_Task requirements_:
Below is a listing; retype exactly the lines between the one containing "technical support center" and the one containing "Shopping centre. Cheers", inclusive, minus the pictures.

_Provided records_:

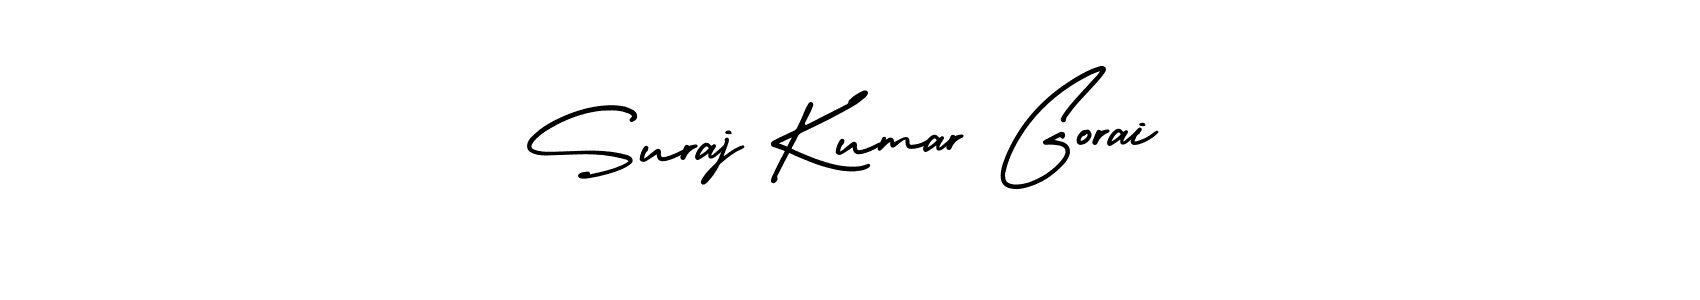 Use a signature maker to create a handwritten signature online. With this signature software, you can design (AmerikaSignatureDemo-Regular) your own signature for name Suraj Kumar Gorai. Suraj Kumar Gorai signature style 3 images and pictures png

--

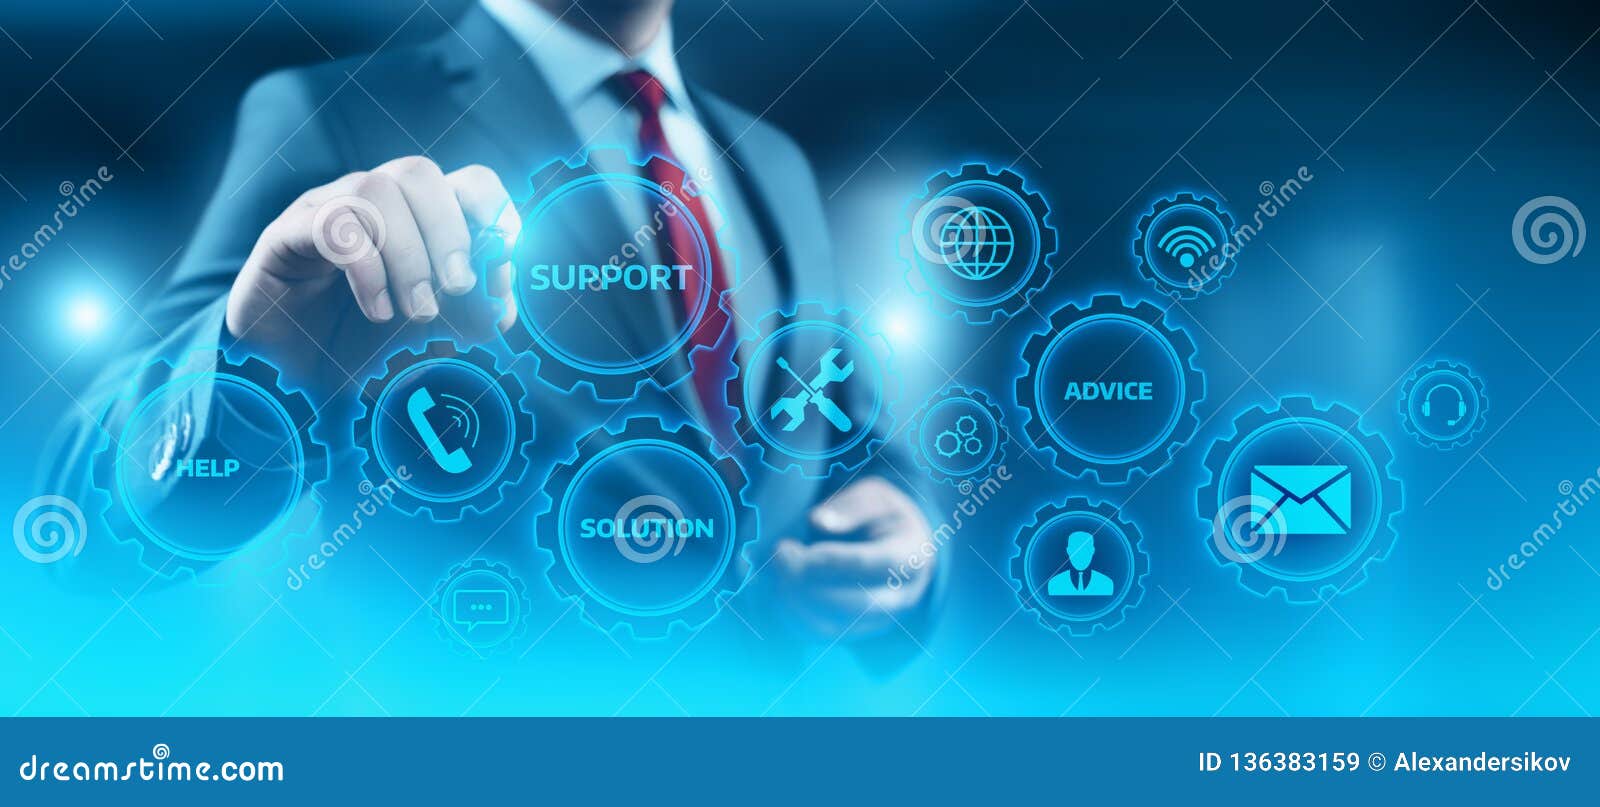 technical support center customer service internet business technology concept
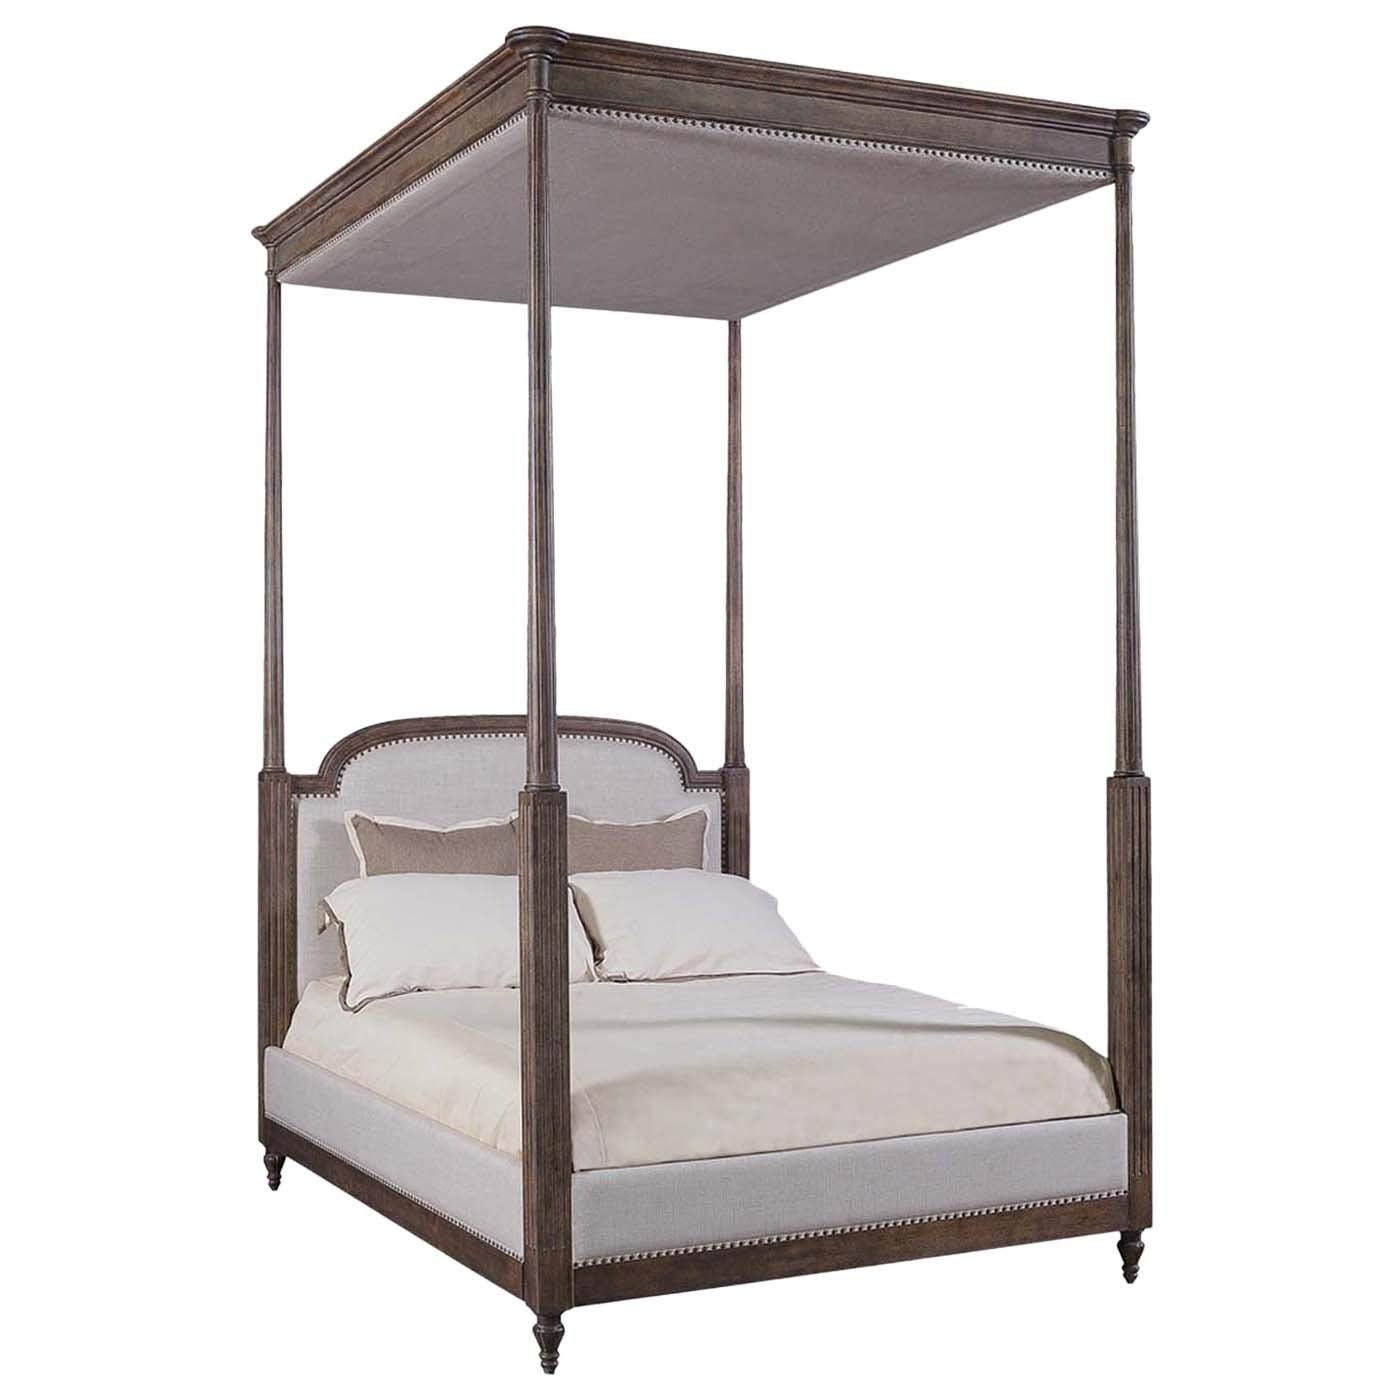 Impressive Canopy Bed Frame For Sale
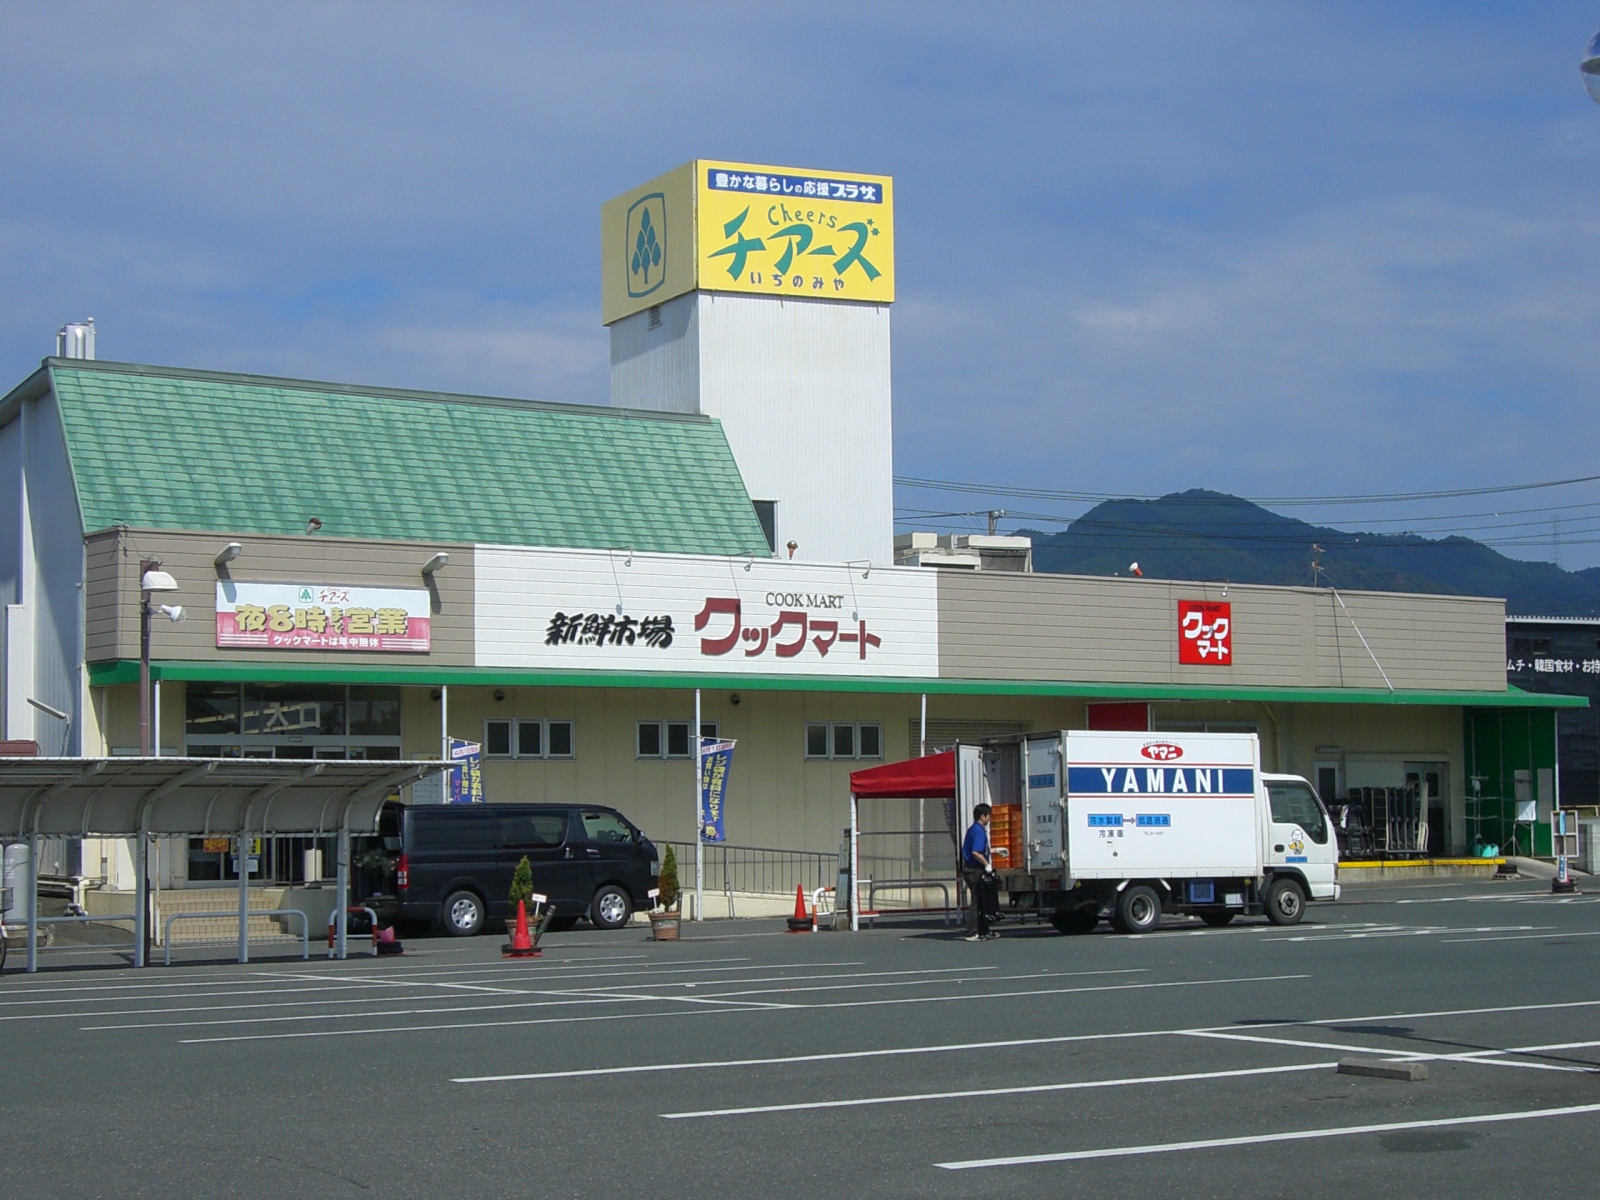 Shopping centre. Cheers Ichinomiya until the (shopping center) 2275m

...

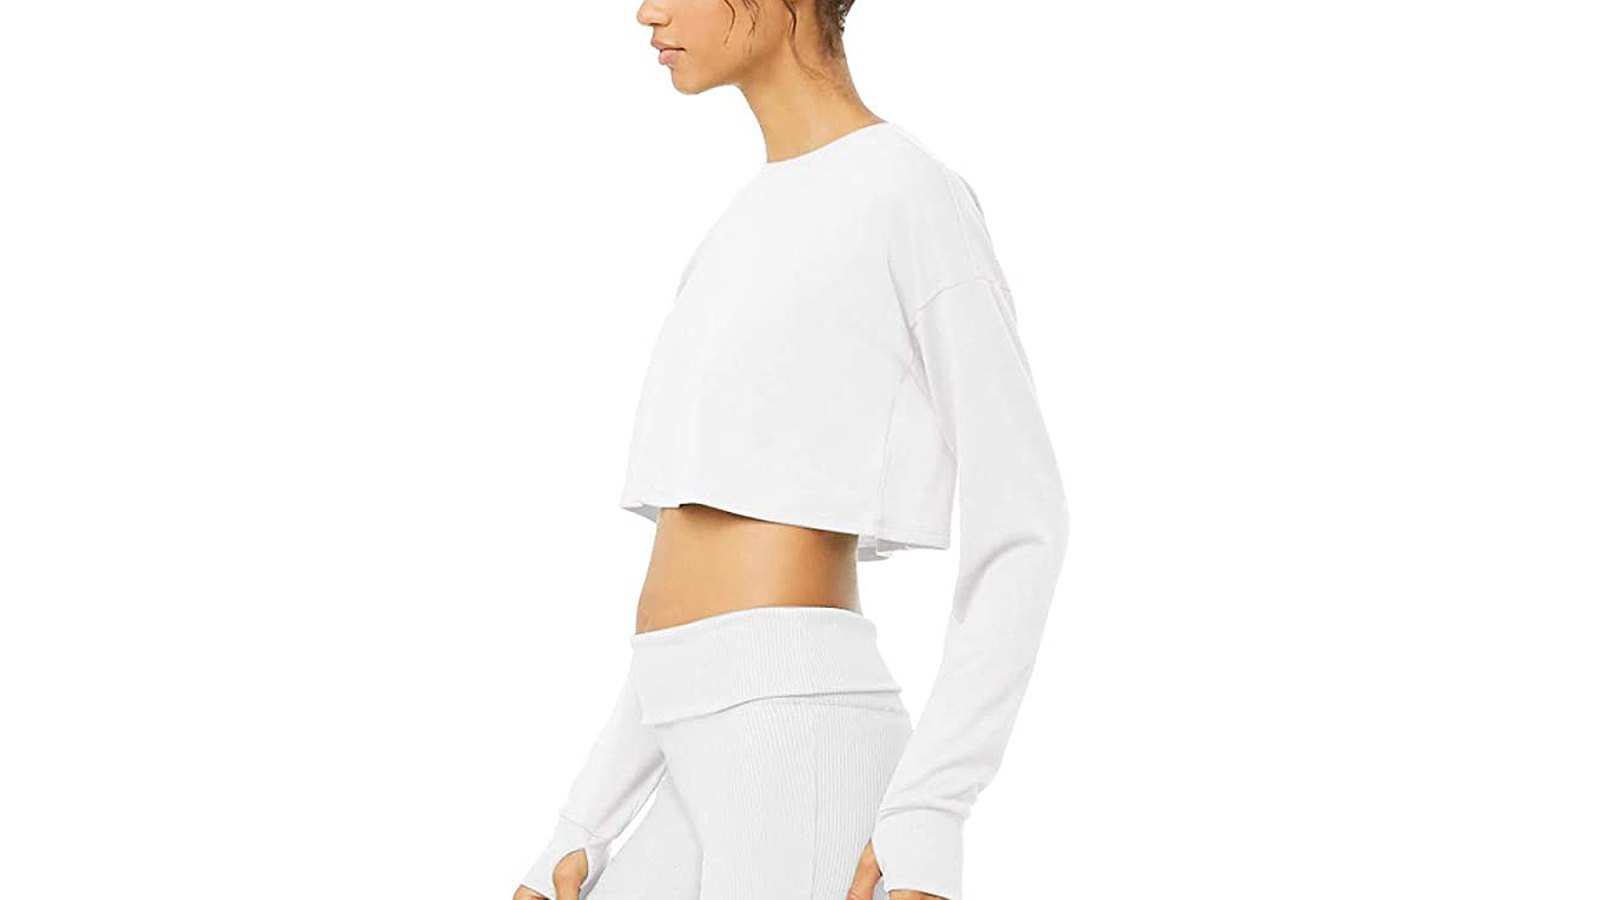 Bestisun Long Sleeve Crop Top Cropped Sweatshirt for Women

_Task solution_:
 technical support center customer service internet business technology concept
 Impressive Canopy Bed Frame For Sale
 Shopping centre. Cheers Ichinomiya until the (shopping center) 2275m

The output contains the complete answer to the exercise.